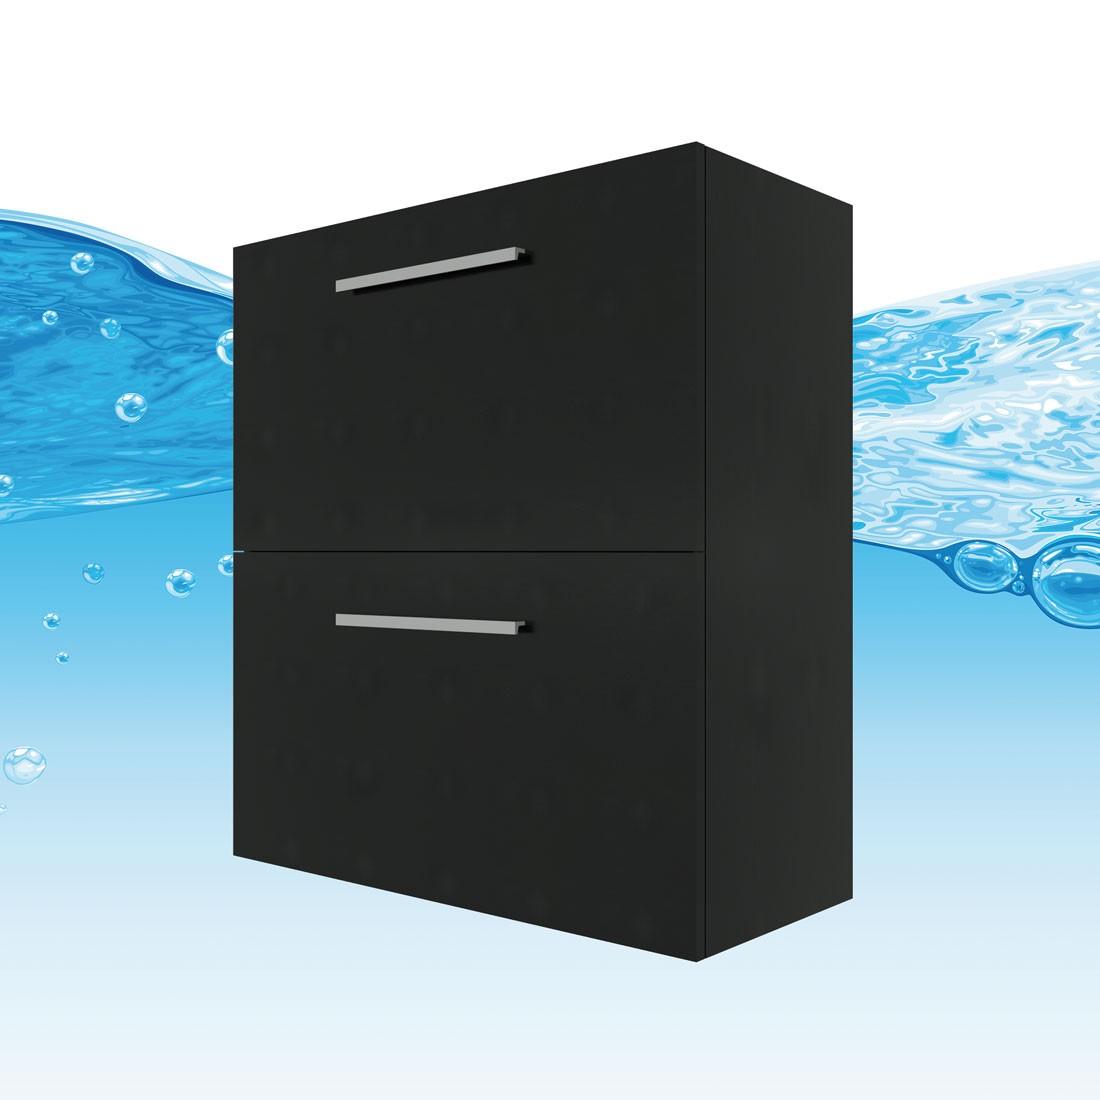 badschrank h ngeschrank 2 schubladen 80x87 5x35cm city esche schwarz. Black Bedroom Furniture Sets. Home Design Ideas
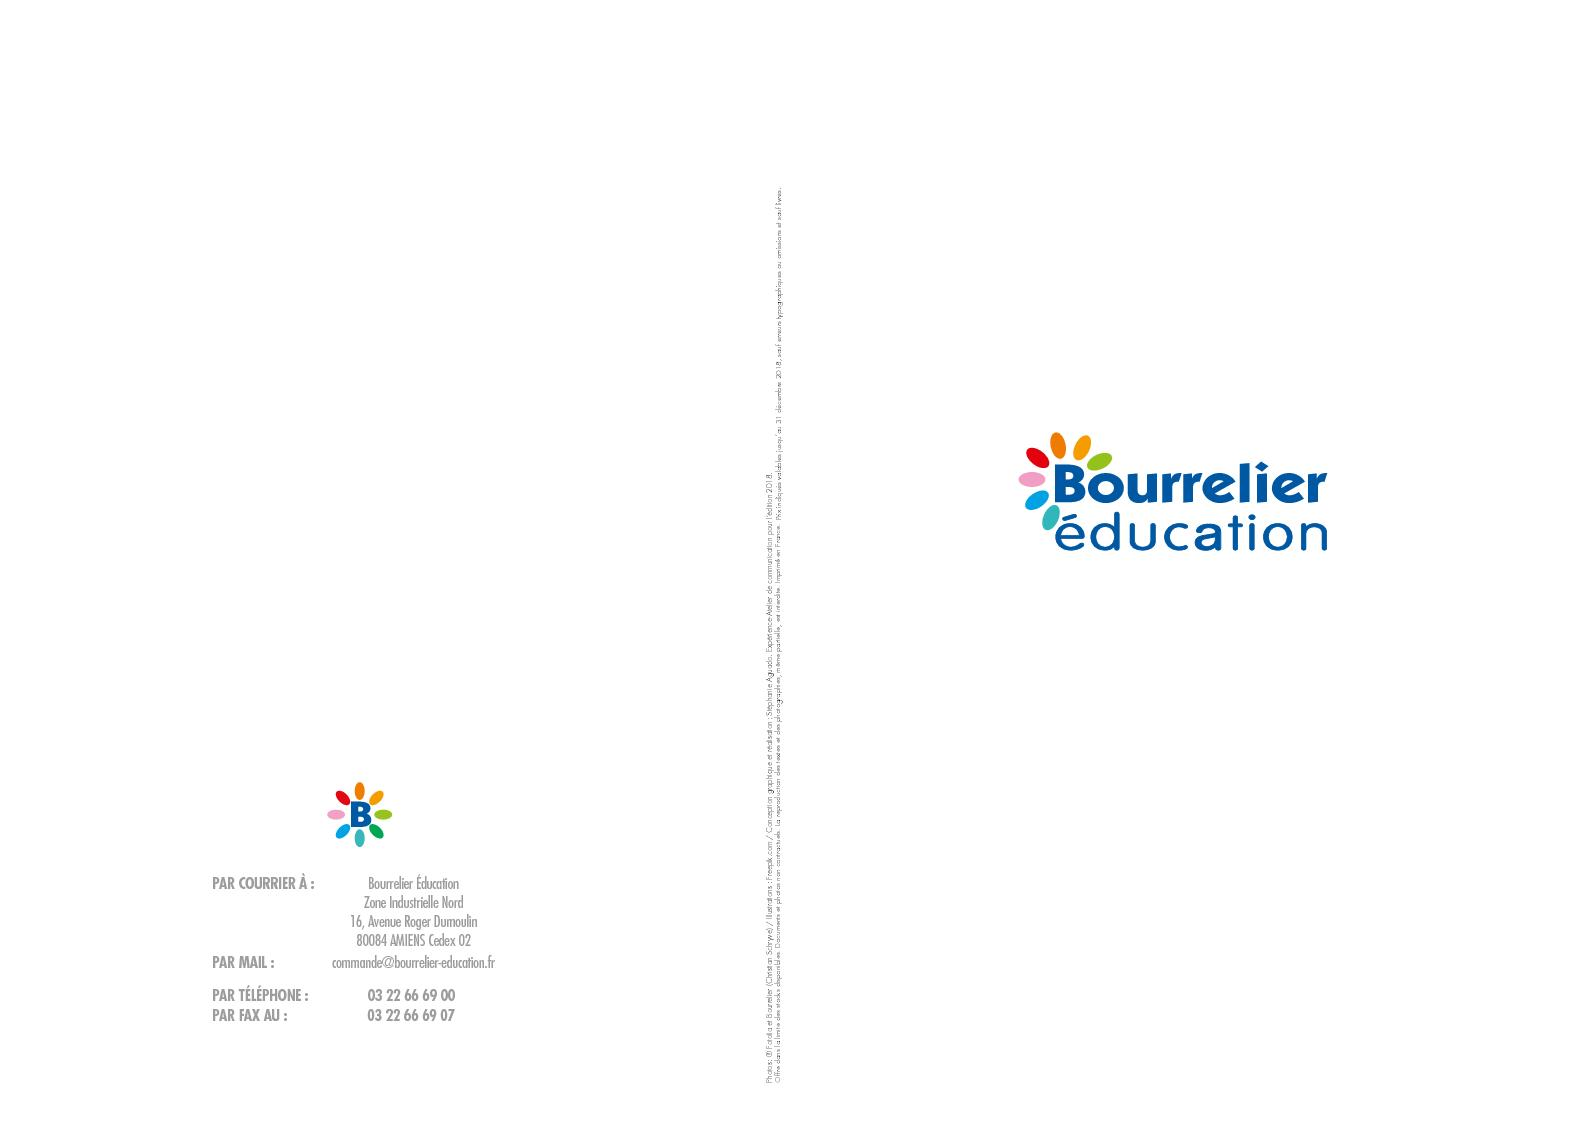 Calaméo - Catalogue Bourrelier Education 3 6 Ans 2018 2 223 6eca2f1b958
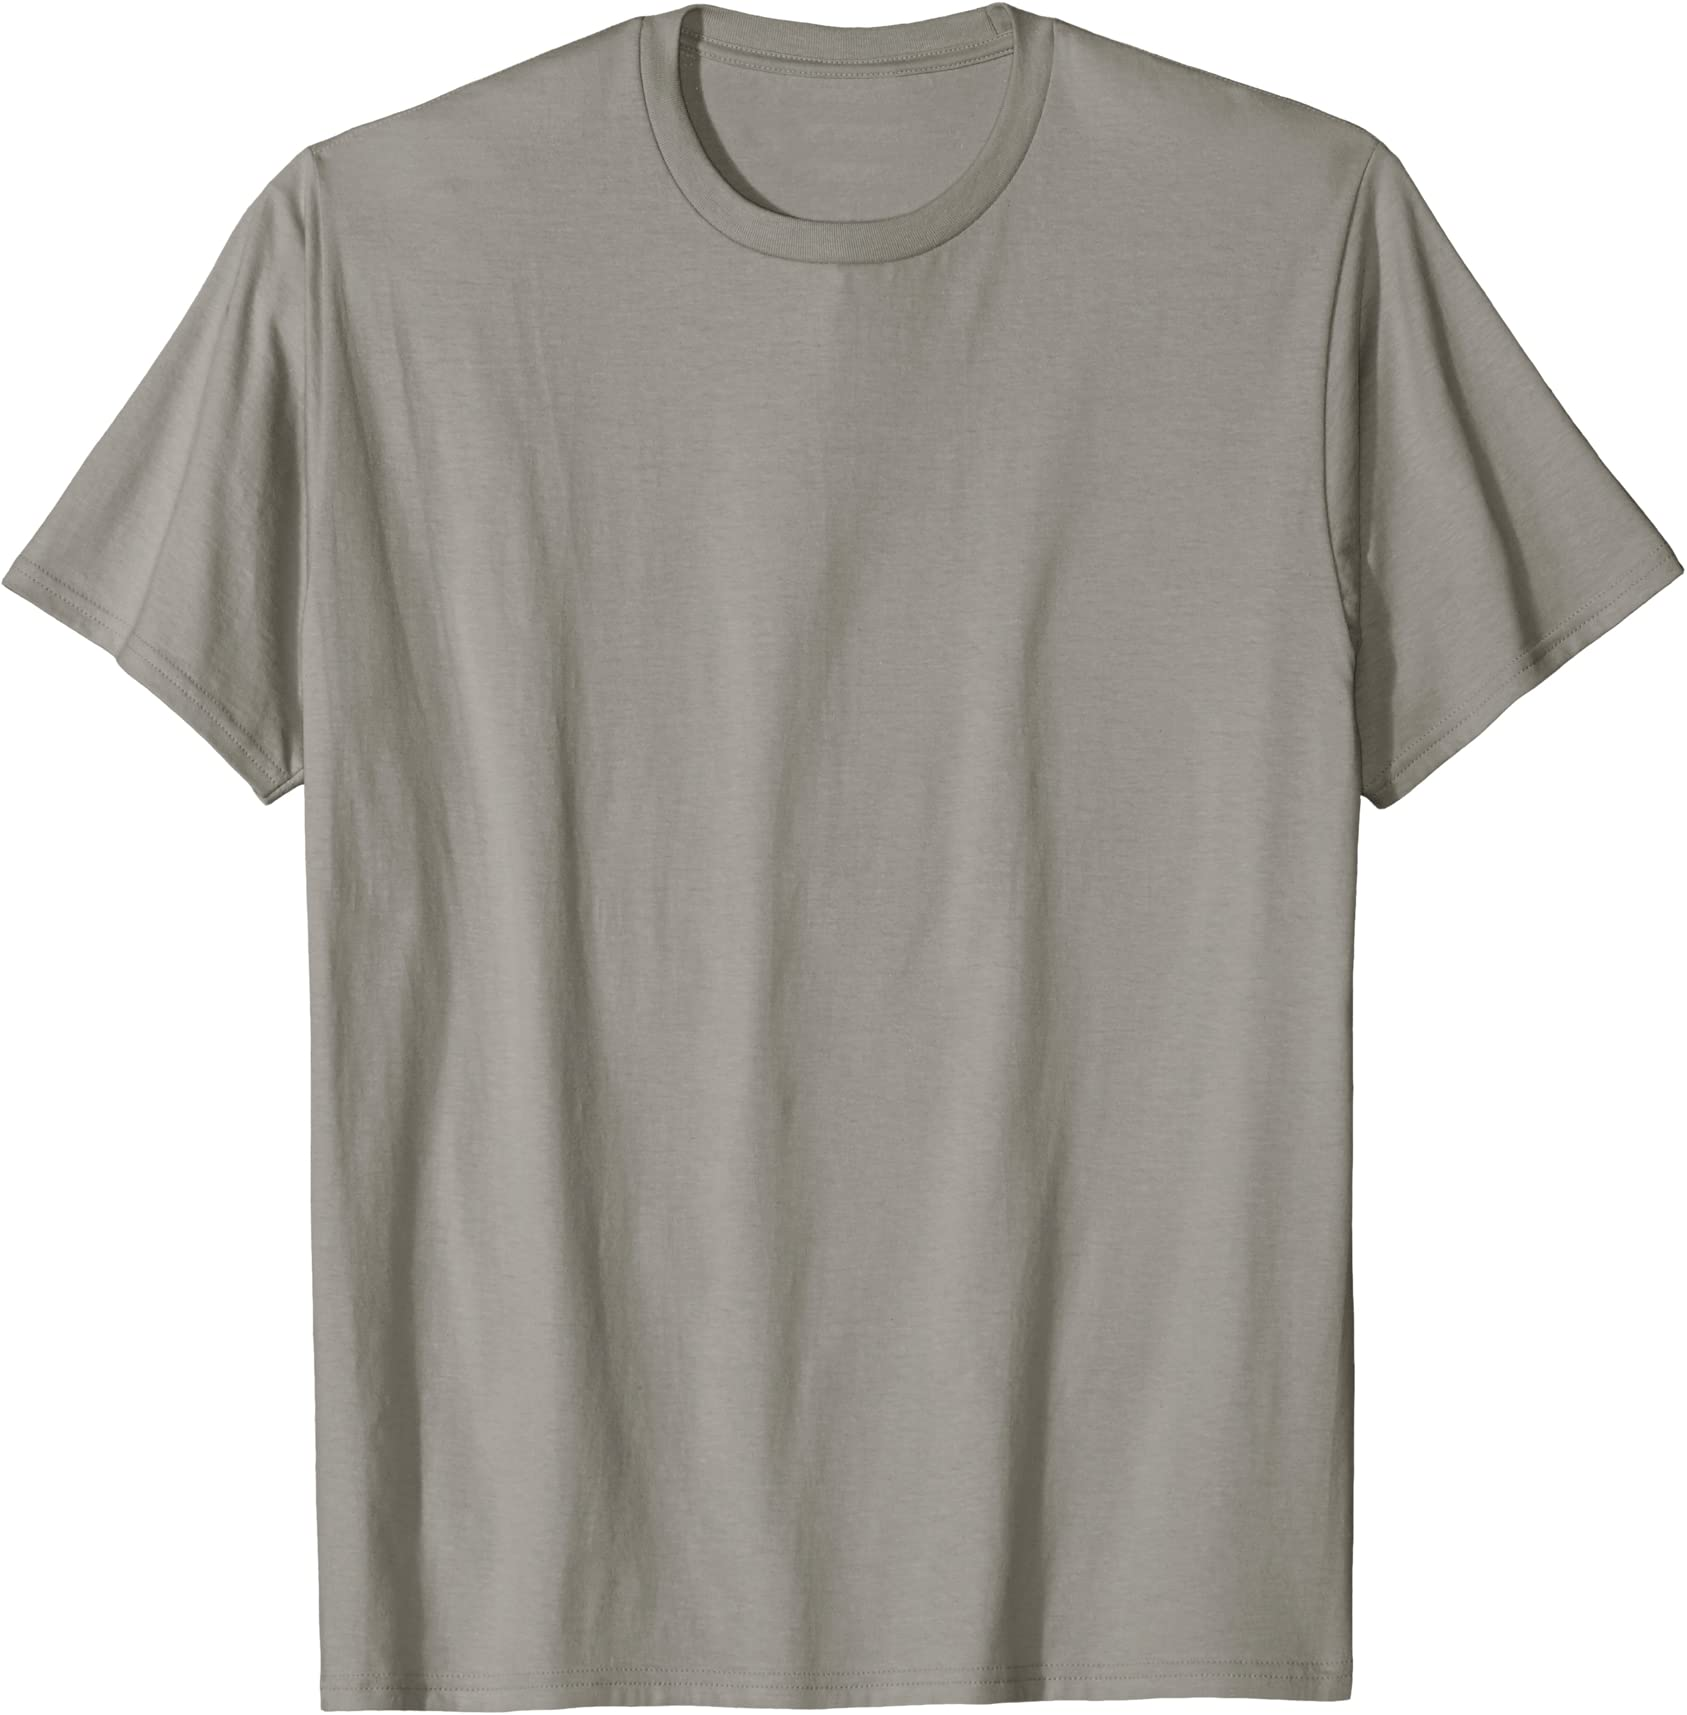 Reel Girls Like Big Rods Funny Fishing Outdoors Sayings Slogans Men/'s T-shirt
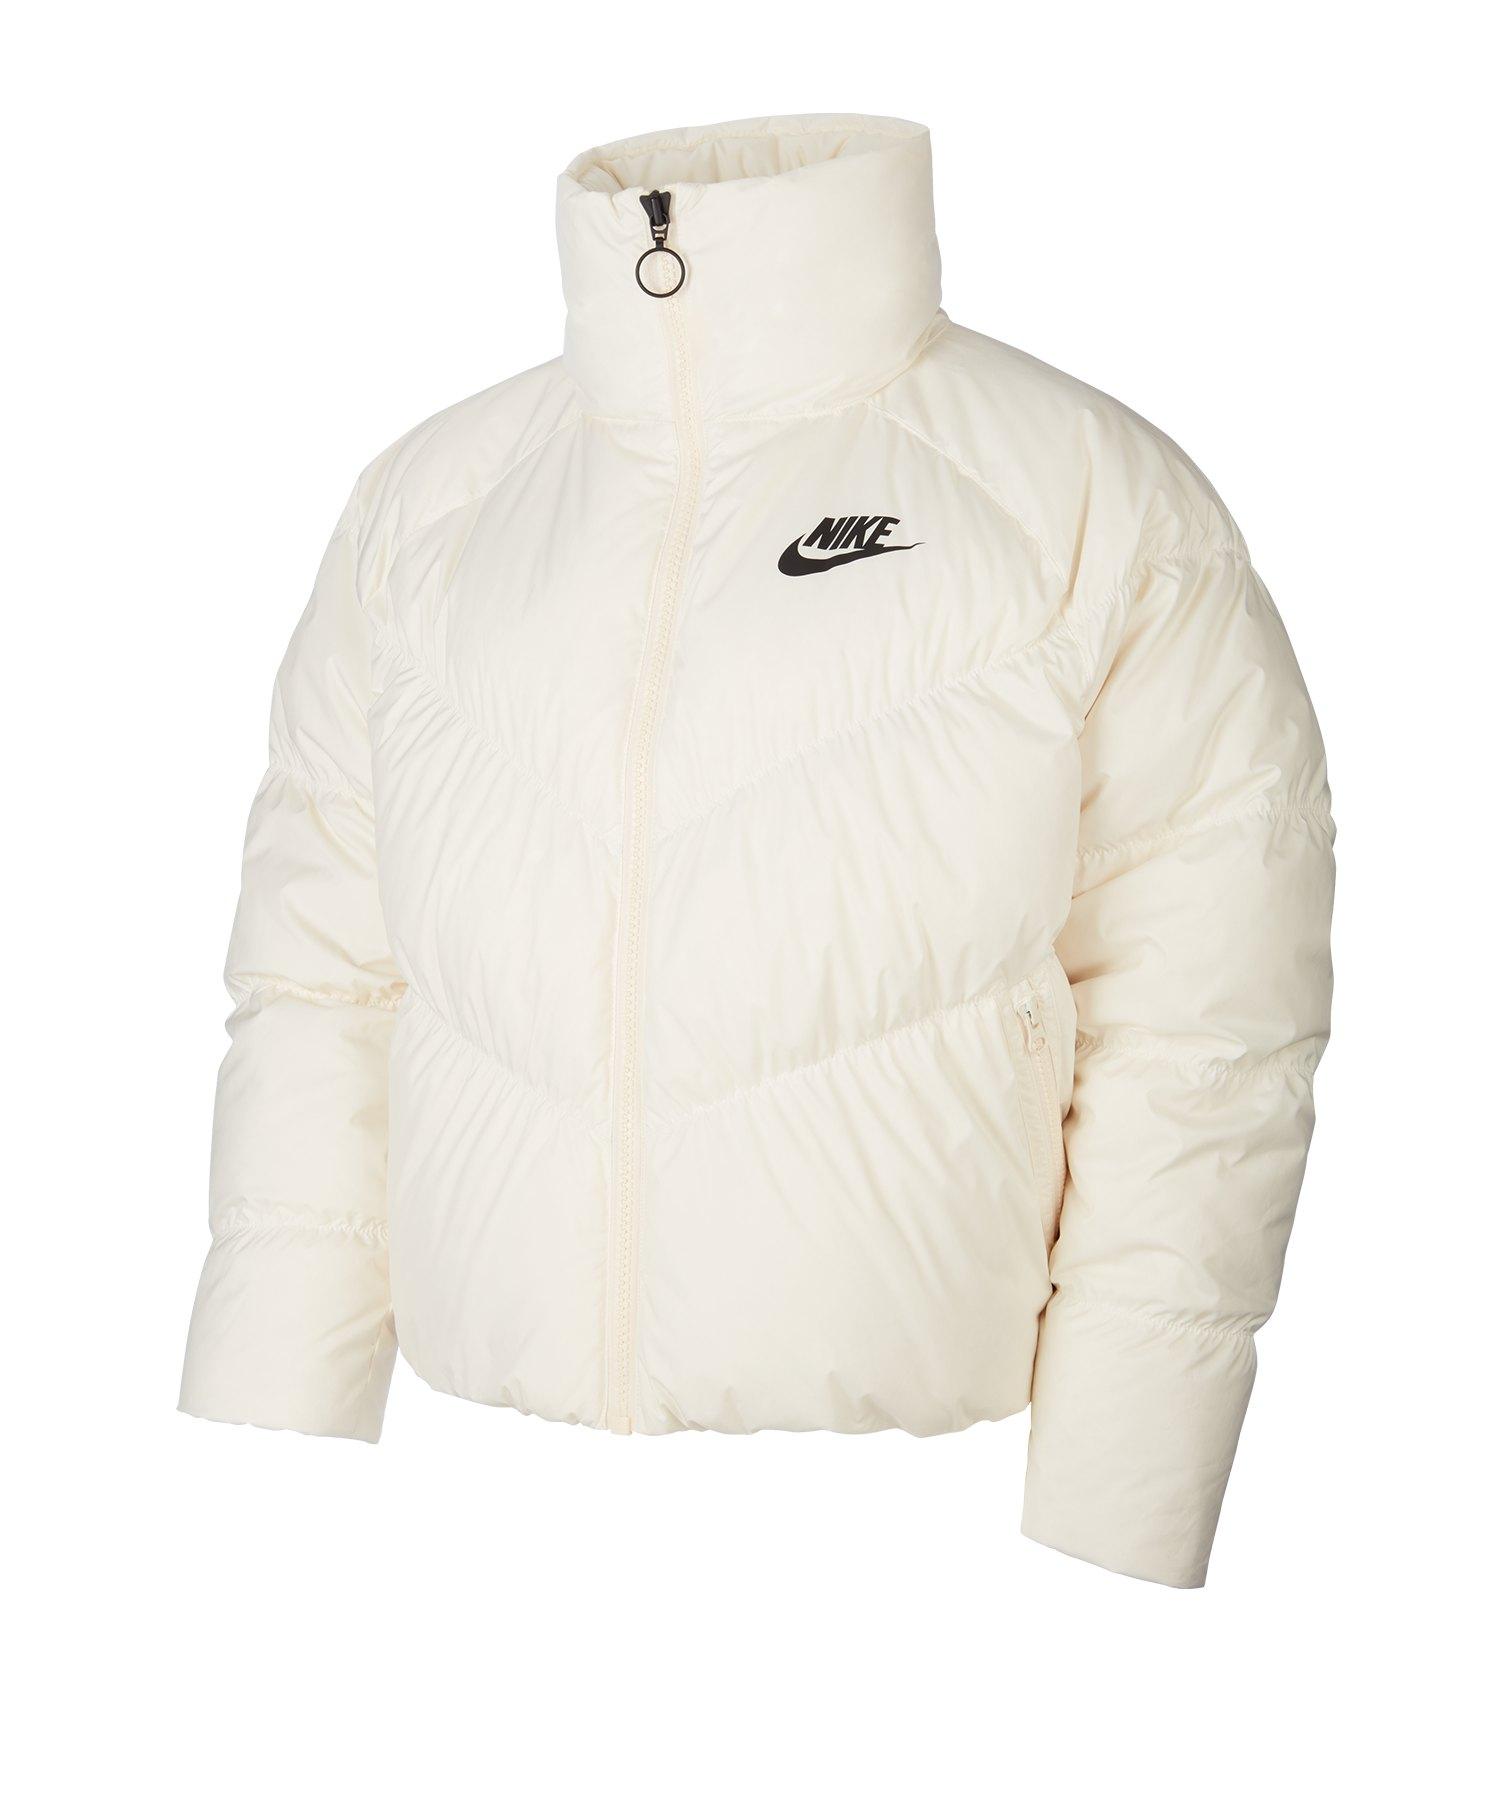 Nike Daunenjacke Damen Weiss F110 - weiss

**TASK PROMPT**
Leaving out the pictures, output each line above exactly as it is.

**EXERCISE RESPONSE**
 badschrank h ngeschrank 2 schubladen 80x87 5x35cm city esche schwarz. Black Bedroom Furniture Sets. Home Design Ideas
 Calaméo - Catalogue Bourrelier Education 3 6 Ans 2018 2 223 6eca2f1b958
 Reel Girls Like Big Rods Funny Fishing Outdoors Sayings Slogans Men/'s T-shirt
 Nike Daunenjacke Damen Weiss F110 - weiss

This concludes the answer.